Option 3: Spark Connector
This option suits scenarios where you already use Spark for batch processing. You can use the Spark Connector's JDBC Source to read from the TP database and the Doris Sink to write into Doris.
val jdbcDF = spark.read
.format("jdbc")
.option("url", "jdbc:postgresql:dbserver")

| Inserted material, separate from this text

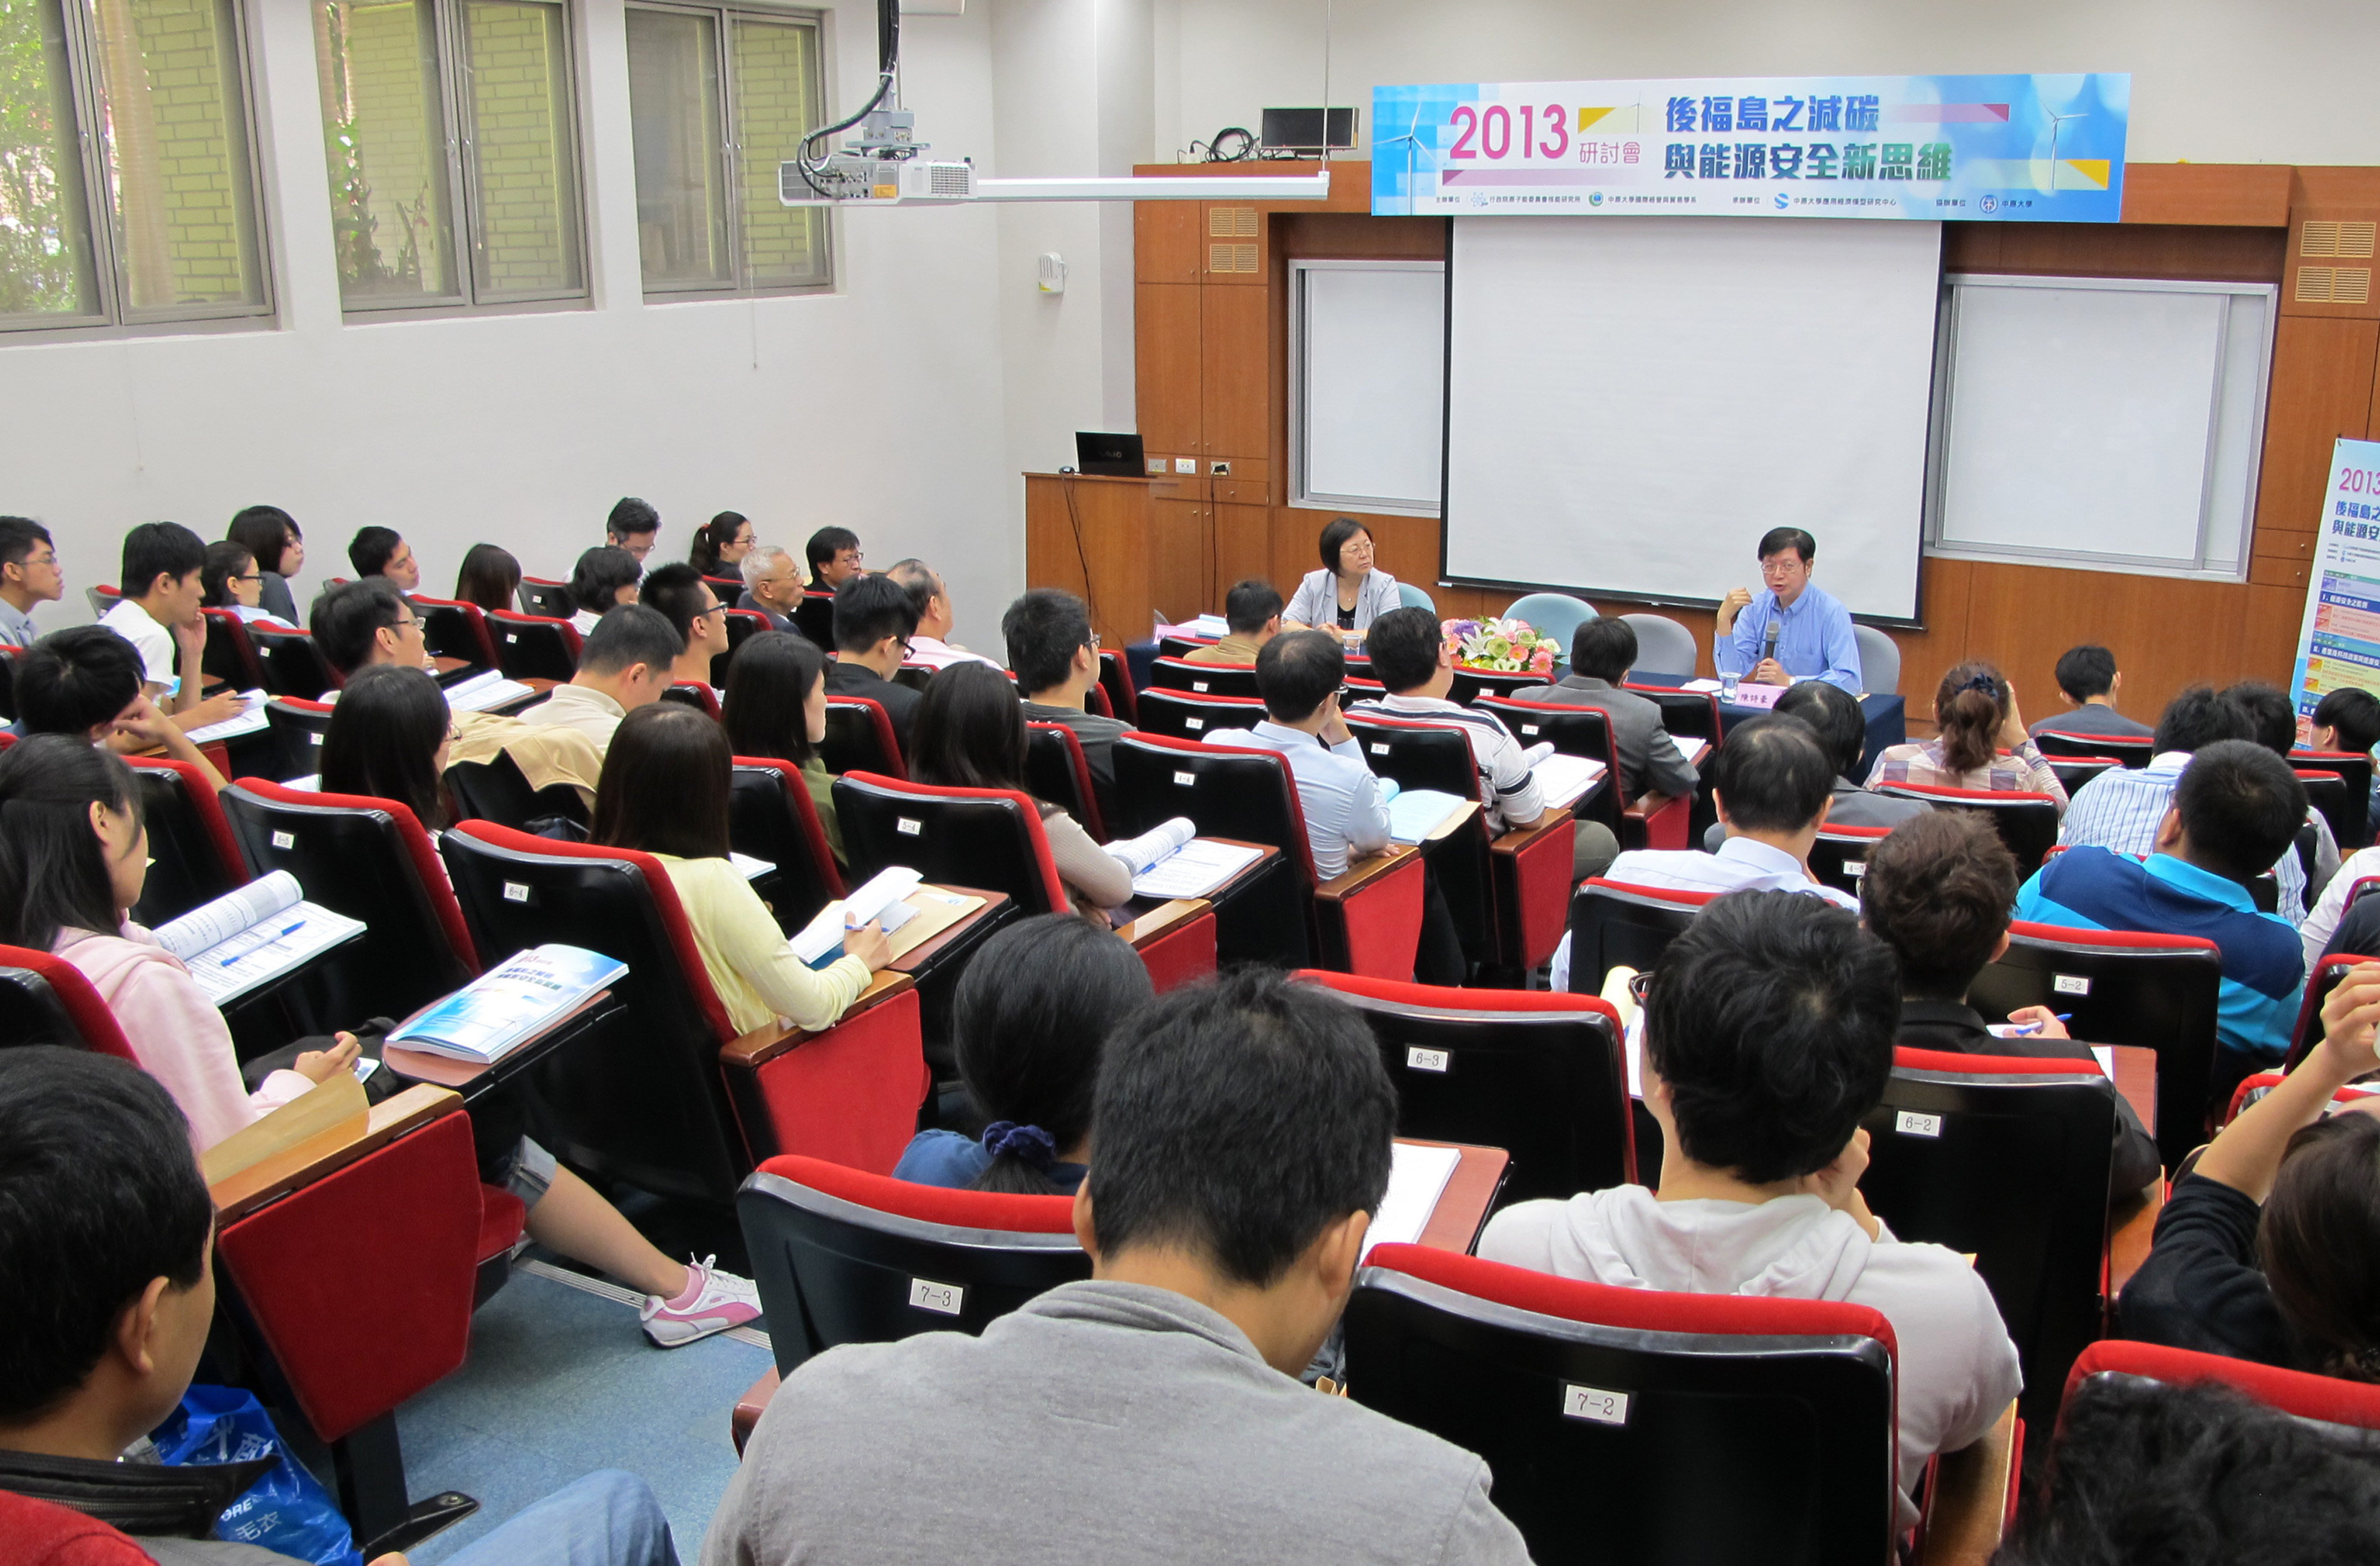 2013年後福島之減碳與能源安全新思維研討會

.option("dbtable", "schema.tablename")
.option("user", "username")
.option("password", "password")
.load()
jdbcDF.write.format("doris")
.option("doris.table.identifier", "db.table")
.option("doris.fenodes", "127.0.0.1:8030")
.option("user", "root")
.option("password", "")
.save()
Related documents:
Option 4: Streaming Job (Built-in Continuous Synchronization in Doris)
Doris provides a built-in Streaming Job capability that continuously synchronizes data from MySQL or PostgreSQL without depending on an external compute engine.
Multi-Table Synchronization Example
CREATE JOB multi_table_sync
ON STREAMING
FROM MYSQL (
"jdbc_url" = "jdbc:mysql://127.0.0.1:3306",
"driver_url" = "mysql-connector-j-8.0.31.jar",
"driver_class" = "com.mysql.cj.jdbc.Driver",
"user" = "root",
"password" = "123456",
"database" = "test",
"include_tables" = "user_info,order_info",
"offset" = "initial"
)
TO DATABASE target_test_db (
"table.create.properties.replication_num" = "1"
)
For more details, see Postgres / MySQL Continuous Load.
Option 5: Third-Party Synchronization Tools
In addition to the native options above, you can use common third-party synchronization tools from the community. These suit scenarios where you already have a synchronization platform or want to manage tasks through a visual interface:
FAQ
Q1: Which option should you choose for a one-time migration of a few MySQL tables to Doris?
Use Multi-Catalog. After creating a JDBC Catalog, run INSERT INTO or CTAS to complete the migration without any extra component.
Q2: How do you synchronize incremental data (including UPDATE / DELETE) from MySQL to Doris in real time?
Use Flink Doris Connector + Flink CDC and enable sink.enable-delete = true in the Doris Sink, or use the built-in Streaming Job in Doris for continuous synchronization.
Q3: How do you synchronize an entire MySQL database to Doris in one step?
Use the mysql-sync-database whole-database sync feature in the Flink Doris Connector, or the multi-table synchronization capability of Streaming Job. Either option synchronizes both schema and data in one step.
Q4: Are Oracle, SQL Server, and PostgreSQL also supported as source databases?
Yes. Multi-Catalog and the Flink / Spark Connectors support TP databases such as Oracle, SQL Server, and PostgreSQL through their respective JDBC drivers. Streaming Job currently supports MySQL and PostgreSQL.
Q5: How do you specify the replication count for the Doris table during migration?
Specify PROPERTIES('replication_num' = 'N') in the CTAS statement, or pass --table-conf replication_num=N in the Flink whole-database sync command.